Scientific studies reveal that the SARS-CoV-2 virus mutates at a comparatively slower rate. The virus accumulates 1-2 single-nucleotide mutations in its genome per month. This is ½ the rate of the influenza virus and ¼ the rate of HIV. One of the reasons for the ‘slow’ mutation is that coronaviruses have a novel exoribonuclease (ExoN) encoded in their genomes, unlike most RNA viruses.
ExoN corrects many of the errors that occur during replication, researchers suspect. Due to the genetic inactivation of this exonuclease in SARS-CoV and murine coronavirus (MHV), mutation rates in these viruses have increased by 15 to 20 fold, they found.
Nucleotide deletions, unlike substitutions, cannot be corrected by this proofreading mechanism, which is a factor that may accelerate adaptive evolution to some degree.
SARS-CoV-2’s spike (S) protein is 1273 amino acids long. It forms the main target of most of the current COVID-19 vaccines, as well as those in the pipeline.
This portion of its anatomy is very crucial for the virus as it recognises and binds to host cellular receptors and mediates viral entry. SARS-CoV-2 is unable to infect host cells without it.
Mutations in the S gene, particularly those that affect portions of the protein that are critical for pathogenesis and normal function (such as the receptor-binding domain (RBD) or furin cleavage site) or those that cause conformational changes to the S protein, are therefore critical to the virus’ life cycle. Depending on the specific mutation, addition or deletion occurs.
Mutations may be neutral, beneficial or harmful to an organism. These mutations may provide an avenue for the virus to evade the defenses set up against the original SARS-CoV-2 strain.
D614G, which constitutes the replacement of aspartate (D) with glycine (G) at the 614th amino acid of S protein, is a mutation which was found in nearly all SARS-CoV-2 samples worldwide by the end of June, 2020.
D614G enhances viral replication in human lung epithelial cells and primary human airway tissues by increasing the infectivity and stability of virions.
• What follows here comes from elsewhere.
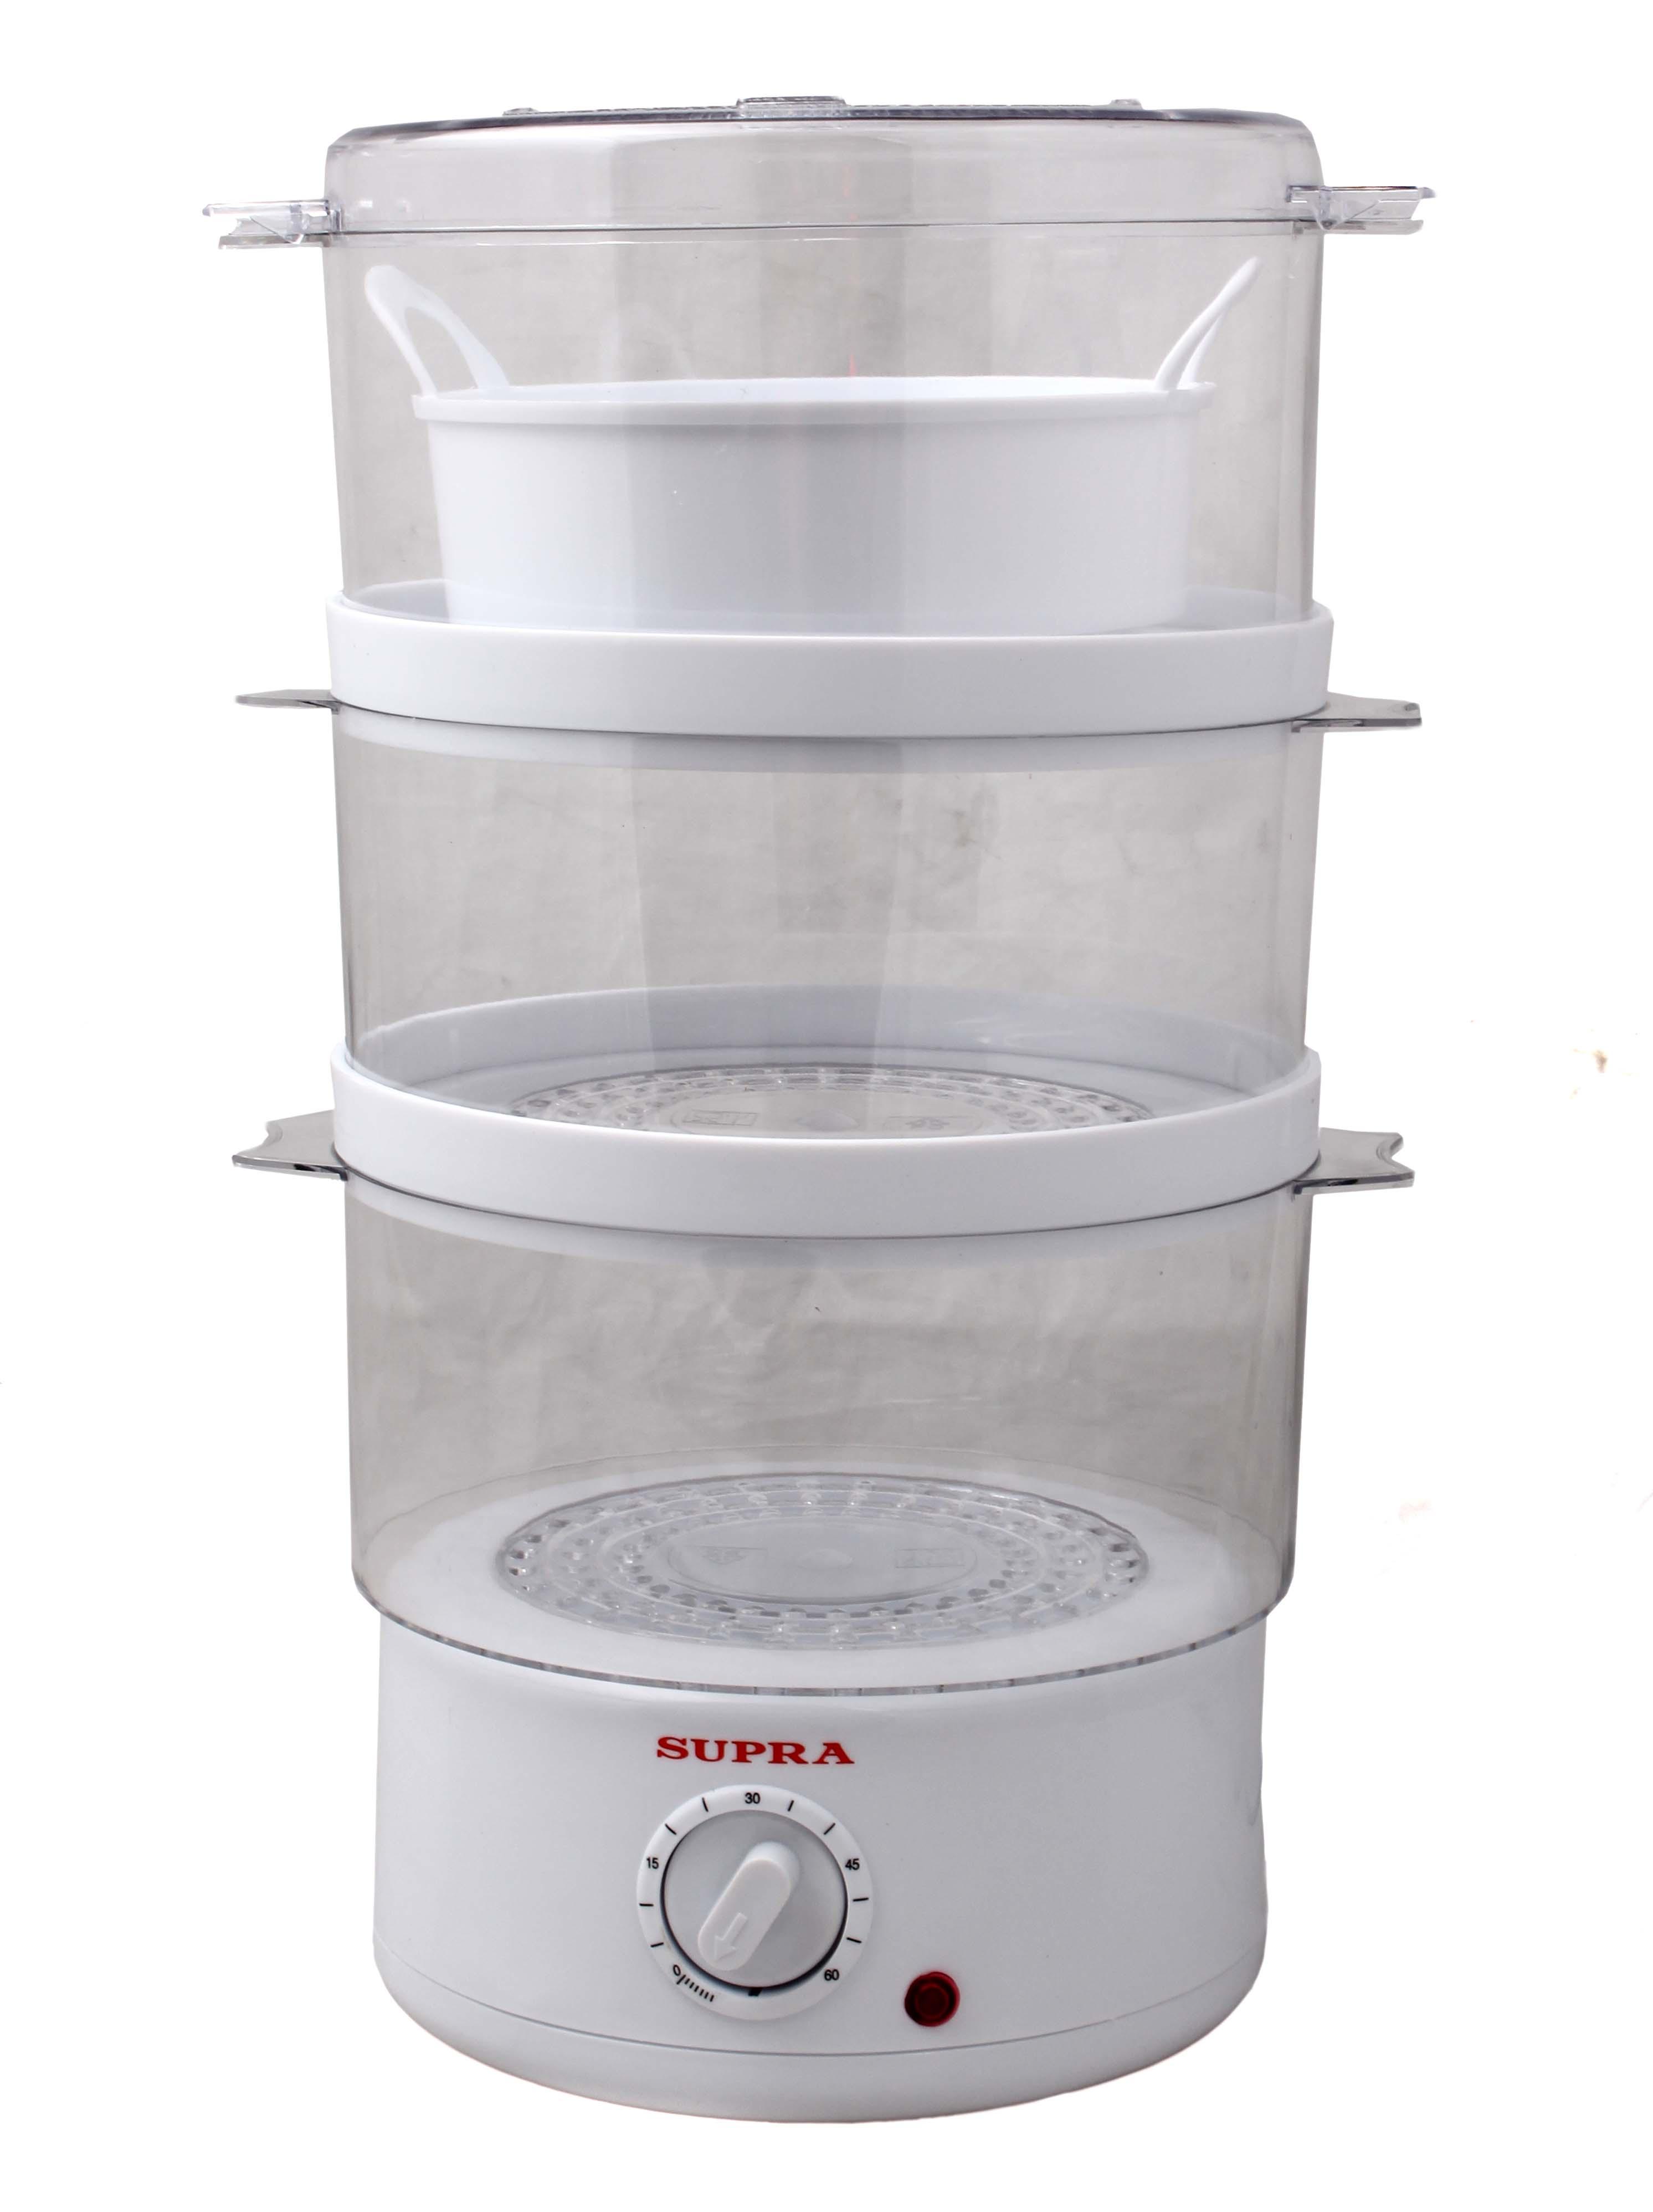 Пароварка Supra Real Brand Technics 530.000

Nucleotide deletions in the amino (N)-terminal domain (NTD) of the S protein may alter antigenicity. The B.1.1.7 variant, first found in the UK, has a deletion of amino acids 69 and 70. It is likely to cause a conformational change in the spike protein, say researchers at the Centers for Disease Control and Prevention (CDC).
Deletion of amino acid 144 in B.1.1.7 and amino acids 242-244 in B.1.351 isolated in South Africa have also been associated with a reduced binding capacity of certain neutralising antibodies.
The P.1 variant, found in Brazil, has a number of amino acid substitutions in the NTD that are of still unknown significance.
The receptor-binding domain (RBD) of the S protein is composed of amino acids 319-541. It binds directly to ACE2 receptors on human cells.
B.1.1.7, B.1.351 and P.1 all possess a mutation that replaces asparagine (N) with tyrosine (Y) at position 501 of the RBD. N501Y has been shown to increase the binding capacity of SARS-CoV-2 to human ACE2 receptors, disrupt antibody binding to RBD and has been implicated in reduced antibody production via weakened T and B cell cooperation.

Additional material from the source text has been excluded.